**WHAT YOU SHOULD DO**
Records follow. Print exactly the lines from the one that has "Monday horse racing tips & best bets" through the one that has "Embracing Elegance: The", inclusive, and omit the pictures.

**DATA TO PROCESS**
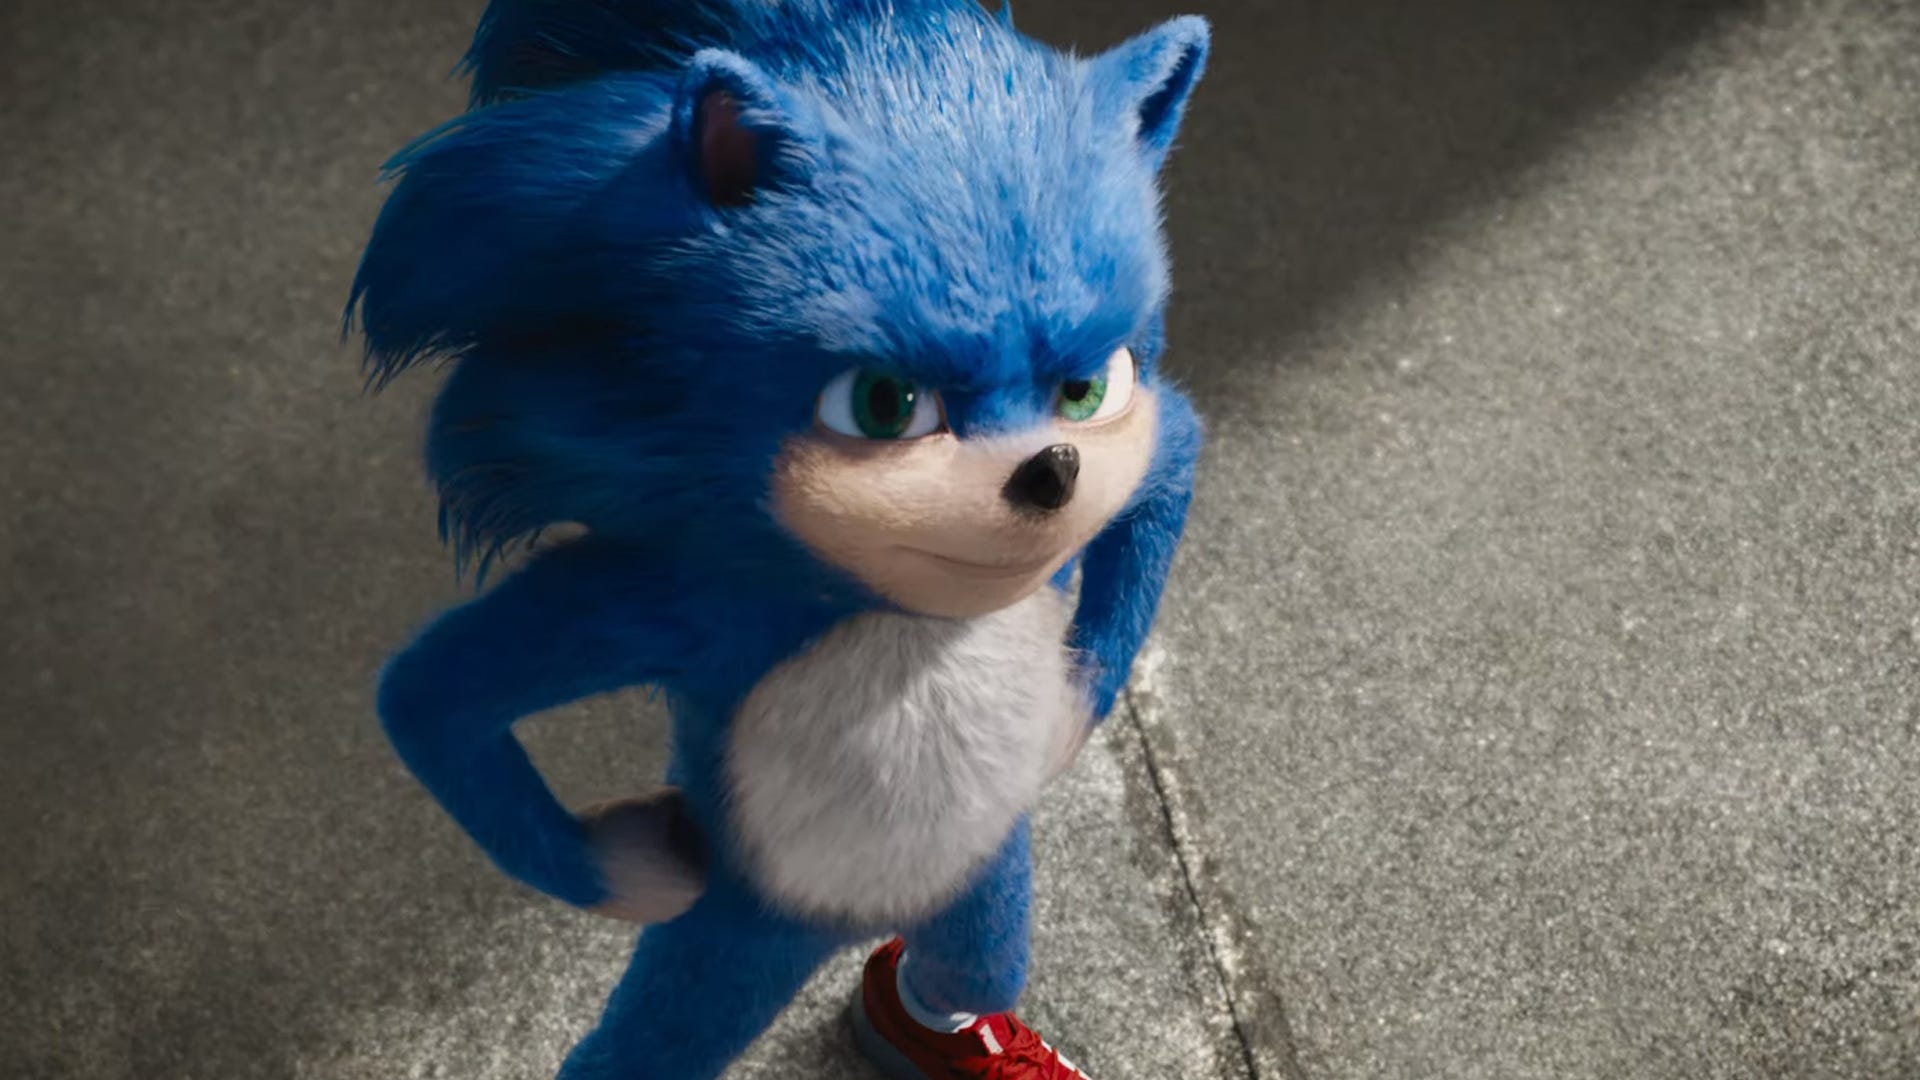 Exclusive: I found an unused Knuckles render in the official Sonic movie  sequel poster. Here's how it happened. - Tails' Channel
==
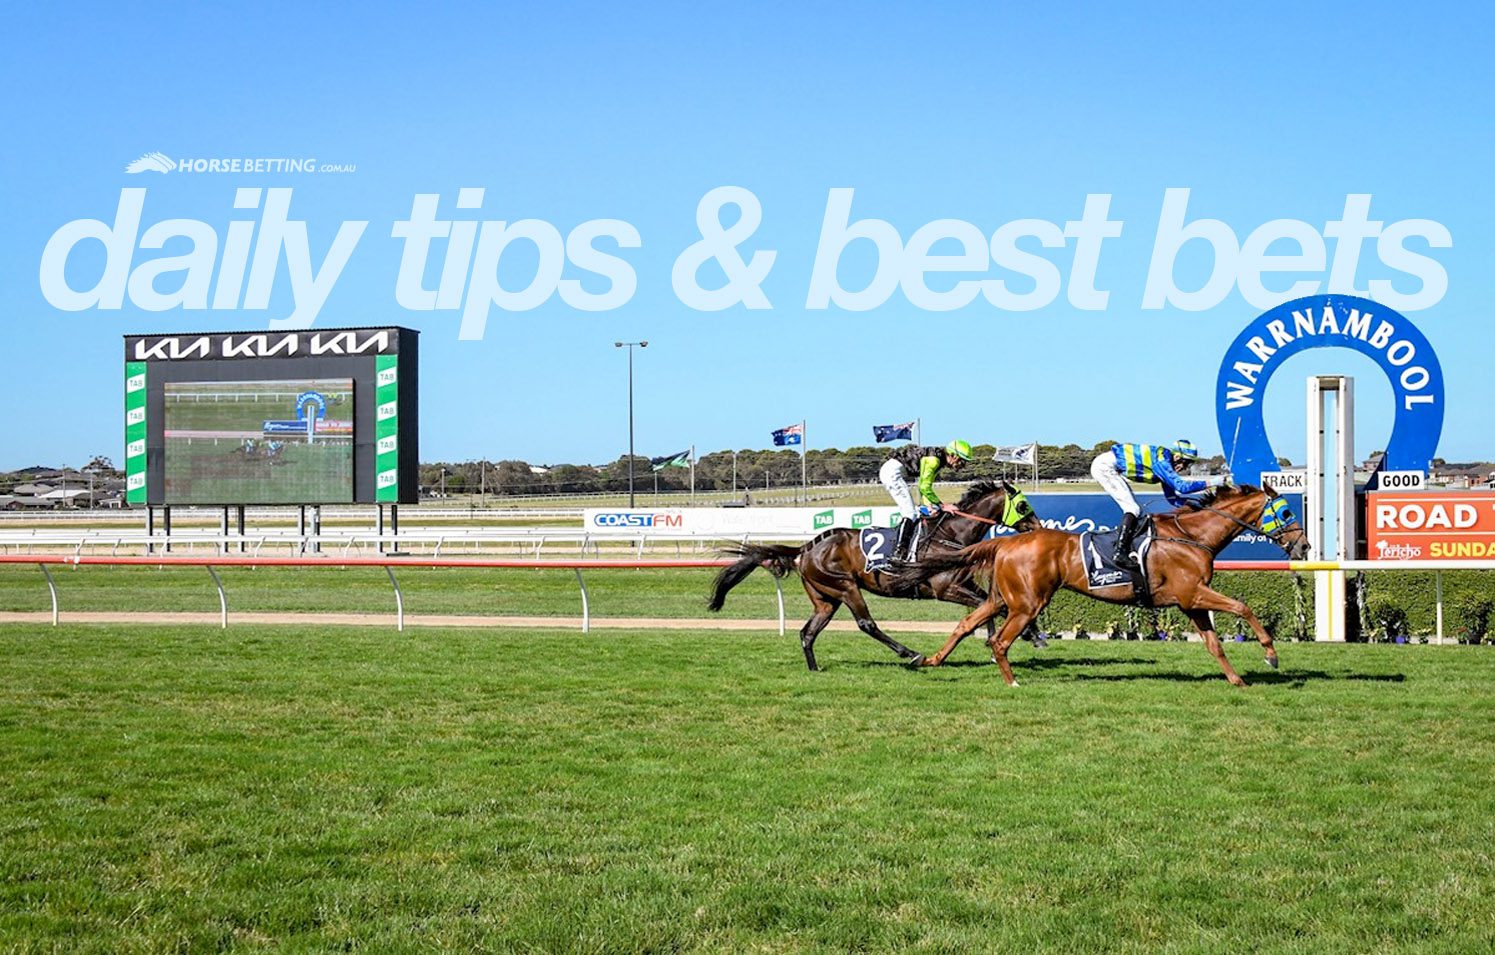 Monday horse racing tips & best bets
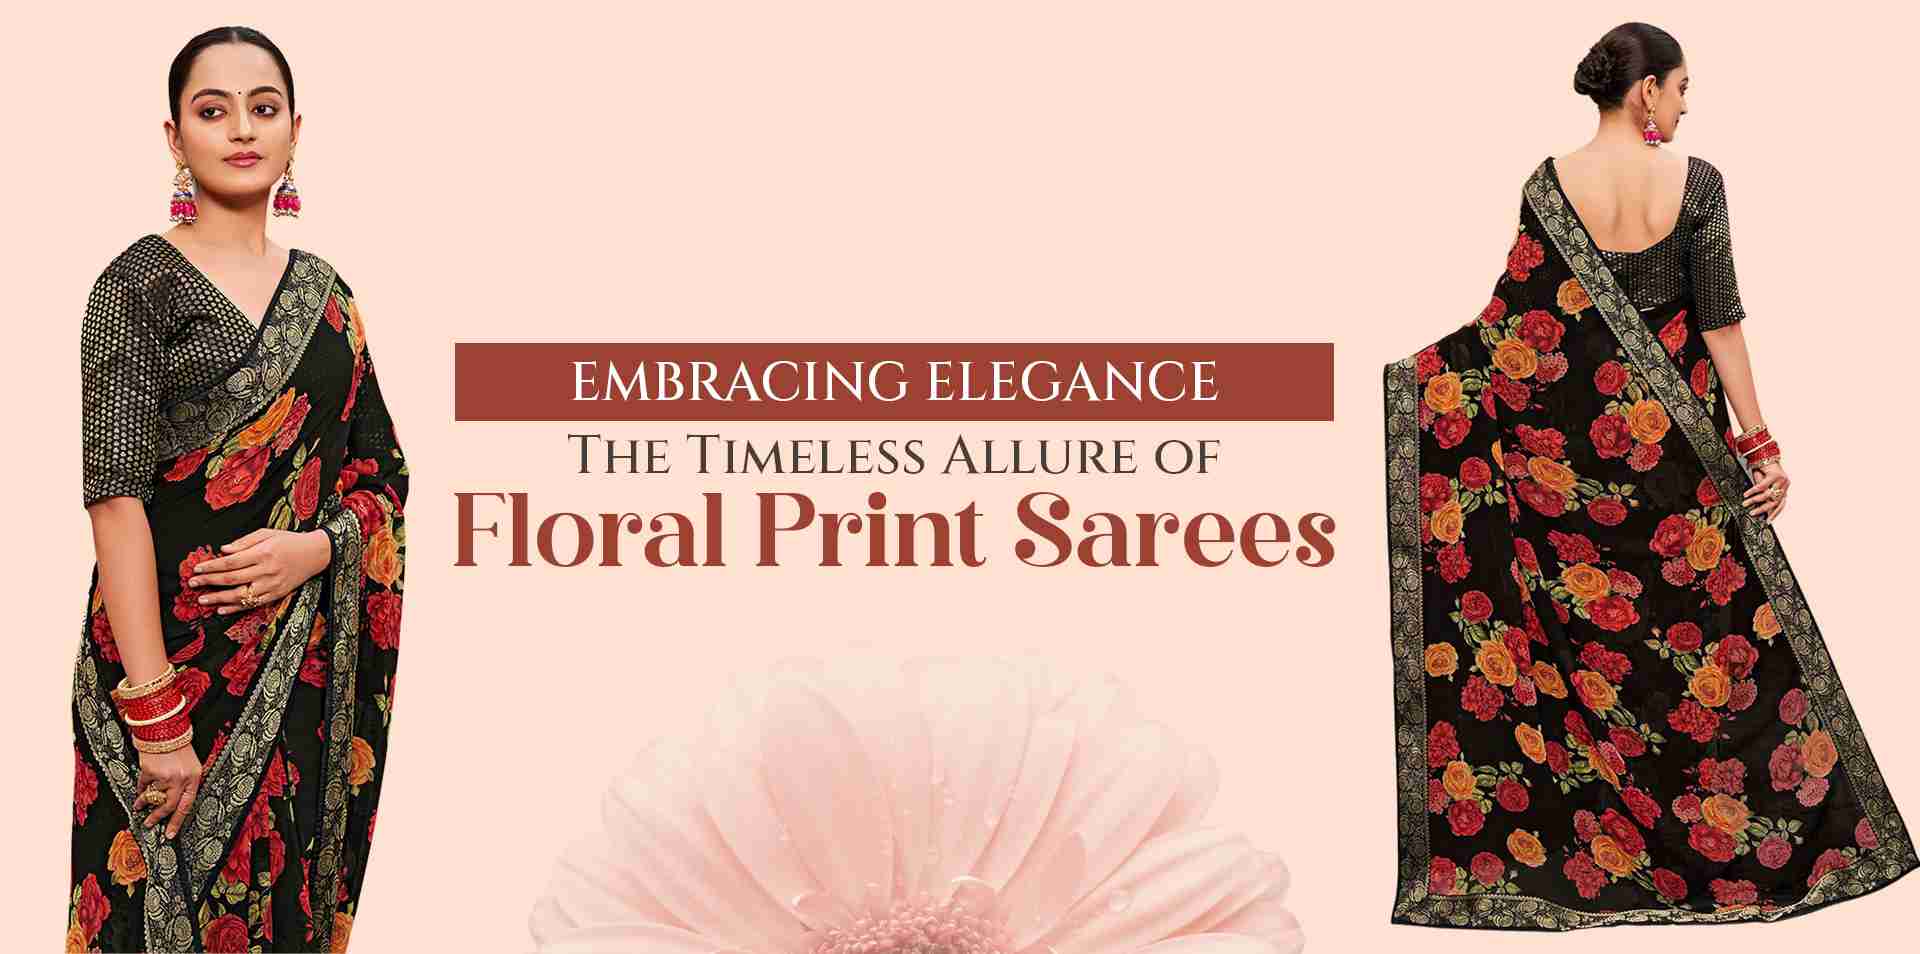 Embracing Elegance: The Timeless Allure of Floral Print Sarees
* * *
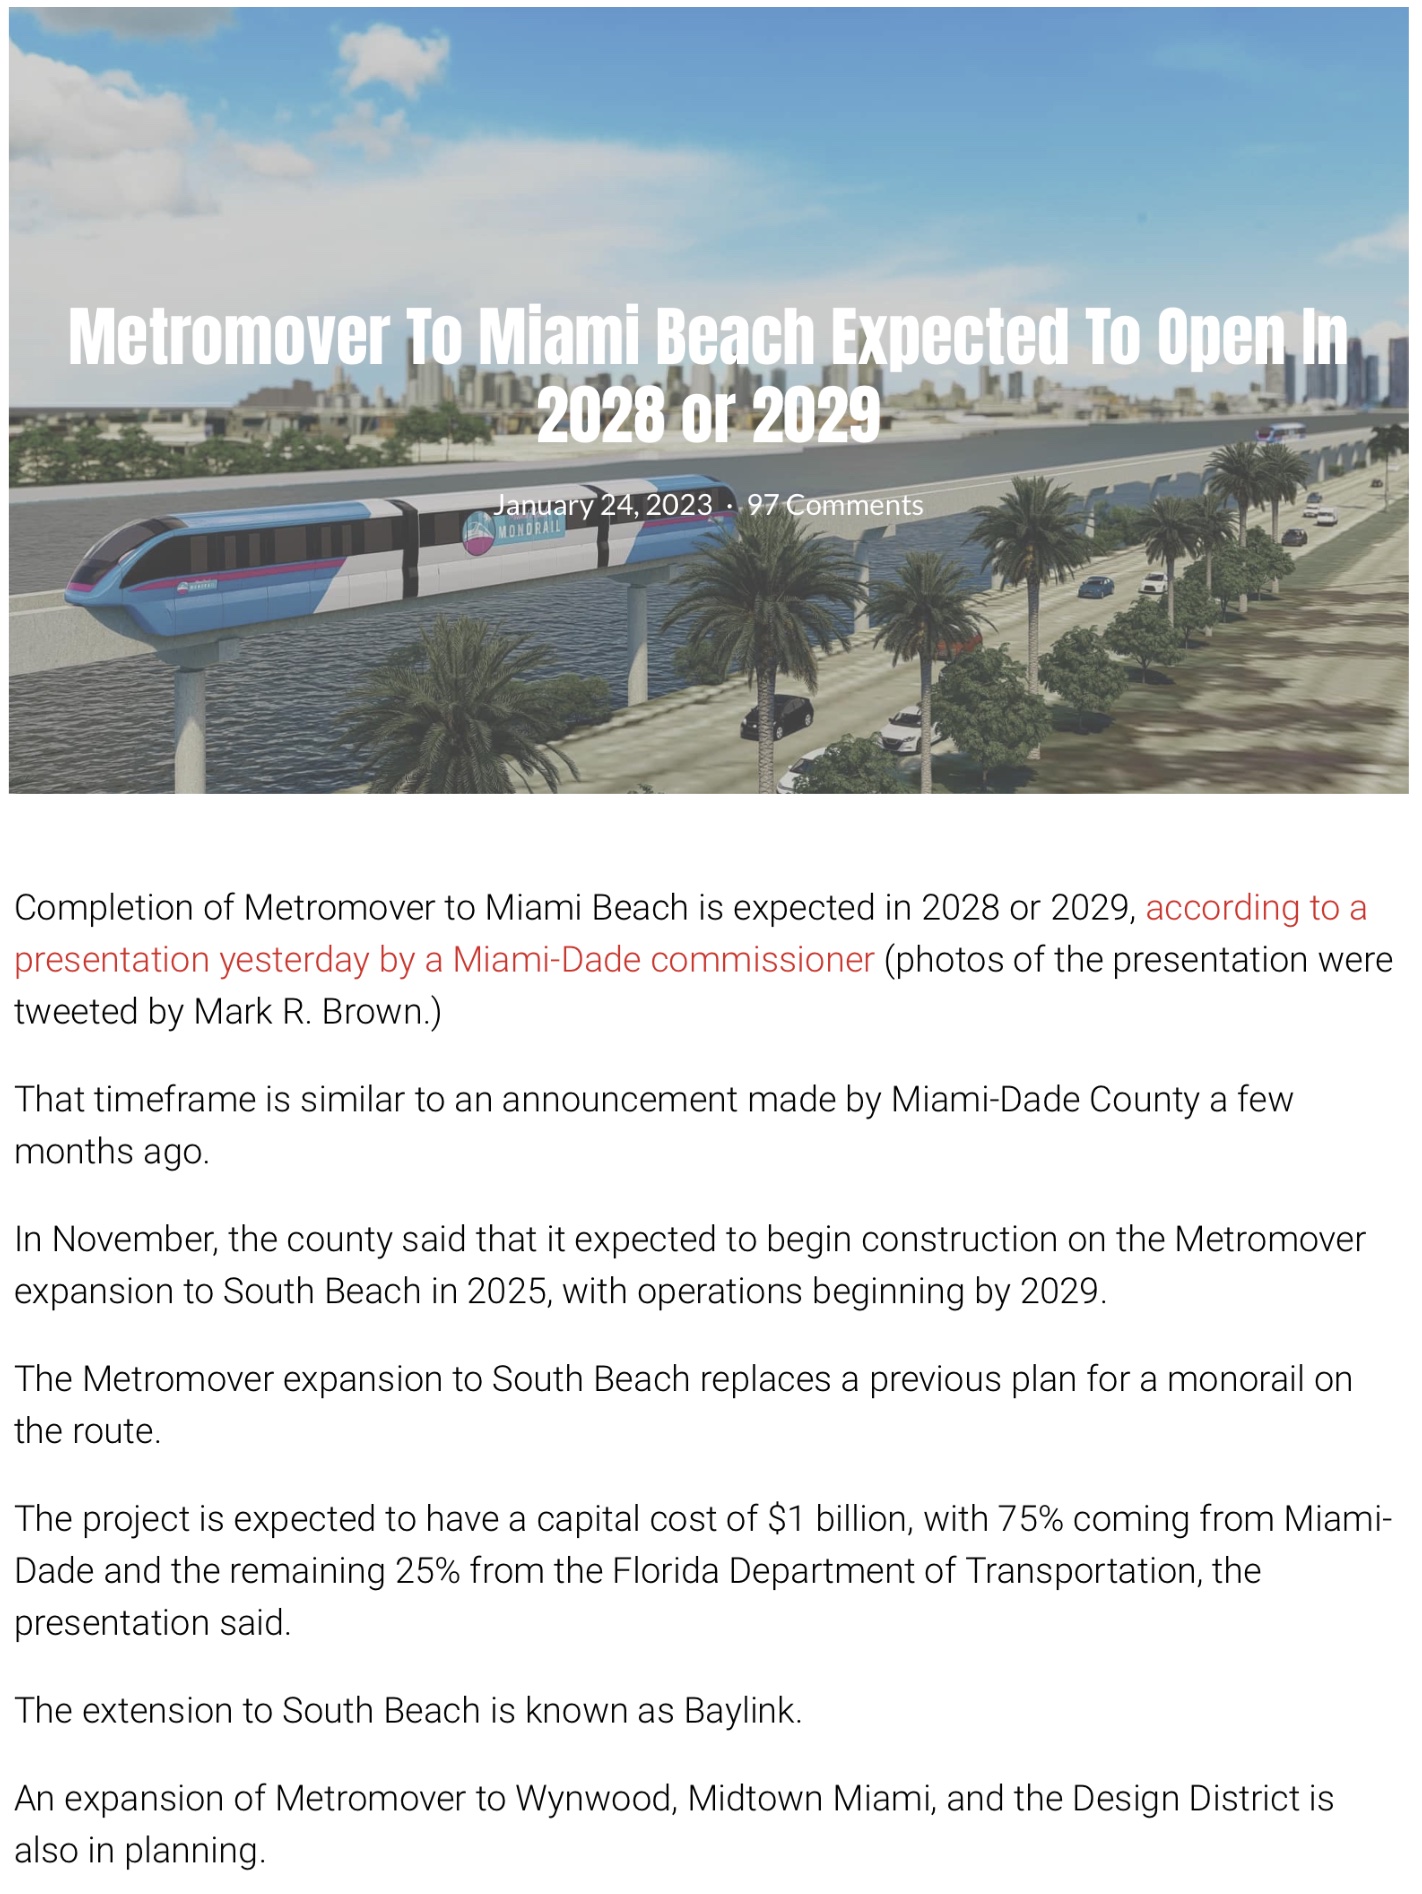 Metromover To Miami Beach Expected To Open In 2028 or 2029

**ANSWER TO THIS PROBLEM**
 Monday horse racing tips & best bets
 Embracing Elegance: The Timeless Allure of Floral Print Sarees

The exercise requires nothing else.